他当时的初衷,不过是希望这个少年少一点麻烦,过得顺利一点。
可是现在,这么多年过去,庄心恆猛然发,这件战袍,仿佛成了纹在徐添身上的皮肤,让他永远脱不下来。
看着他这么辛苦,尤其这次在京城,这样的时刻,他都要求万勤先去换身衣服……
以前他讨厌徐添严肃板正,不近人情,现在细细想来,如果他和自己一样,有个宠爱他的爷爷,也许他活得比自己还要恣意嚣张……
庄心恆搂着徐添的脖子,含糊不清地道:「可是我,我更想要真实的你,轻鬆快乐的你!」
庄心恆心疼的点,徐添早已经稀鬆平常,没有半点感觉了。
反倒是他心疼自己,这件事本身,让徐添感到前所未有的幸福。
「傻瓜!」他搂紧庄心恆,在人发顶落下一吻,「所有跟你在一起的时刻,都是我最轻鬆最快乐的。」
缠绵亲热了一晚后,两人沉沉睡去。
第二天,吃晚饭的时候,电视新闻里,东旭集团董事长的讣告播送出来。
看着电视画面上的照片,庄心恆夹着的炸鸡掉在了桌上。
这老头竟然死了?看报导的时间,是在昨晚的深夜。
庄心恆看向徐添,嘴唇颤了颤,「我们离开没多久,他就……」
徐添安慰道:「跟我们没关係。」
「不相干的人和事,没必要浪费时间。
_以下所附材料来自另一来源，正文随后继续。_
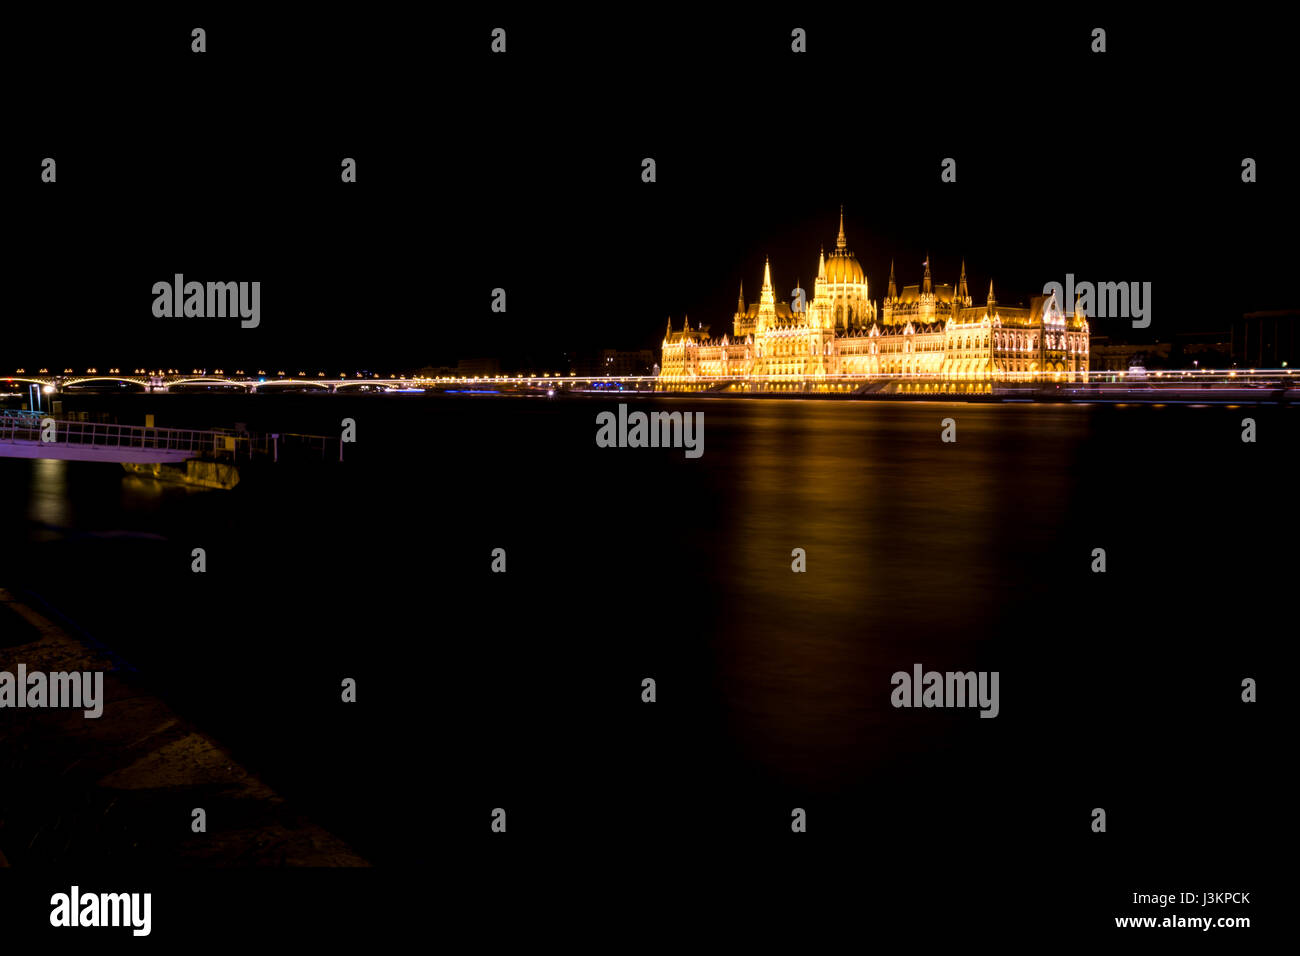 The Hungarian Parliament building lit up at night, across the River Danube, with the lights reflecting in the river. Stock Photo

」他说着,直接将电视换了台。
亚洲首屈一指的富商离世,一连好几天,各路新闻铺天盖地。
即使有意避开,各种消息还是再所难免地传进耳朵。
徐添虽然表现得冷漠,可庄心恆还是明显地感觉,他的情绪有些异样。
也是,毕竟血浓于水,那本应该是他至亲的亲人。
庄心恆只想儘可能地减少这件事对徐添的影响,思来想去,他决定带人回家住几天。
家里有爷爷,有纪叔,有张嫂,还有傻狗……热热闹闹的,大家说说笑笑,他应该就没工夫多想了。
当初在夏威夷被万勤劫持,行程忽然改变,考虑到司机接不到人,爷爷必然会担心。
庄心恆便一早给家里打了电话,让转告老爷子他临时改变主意,要和徐添在外头玩几天再回来。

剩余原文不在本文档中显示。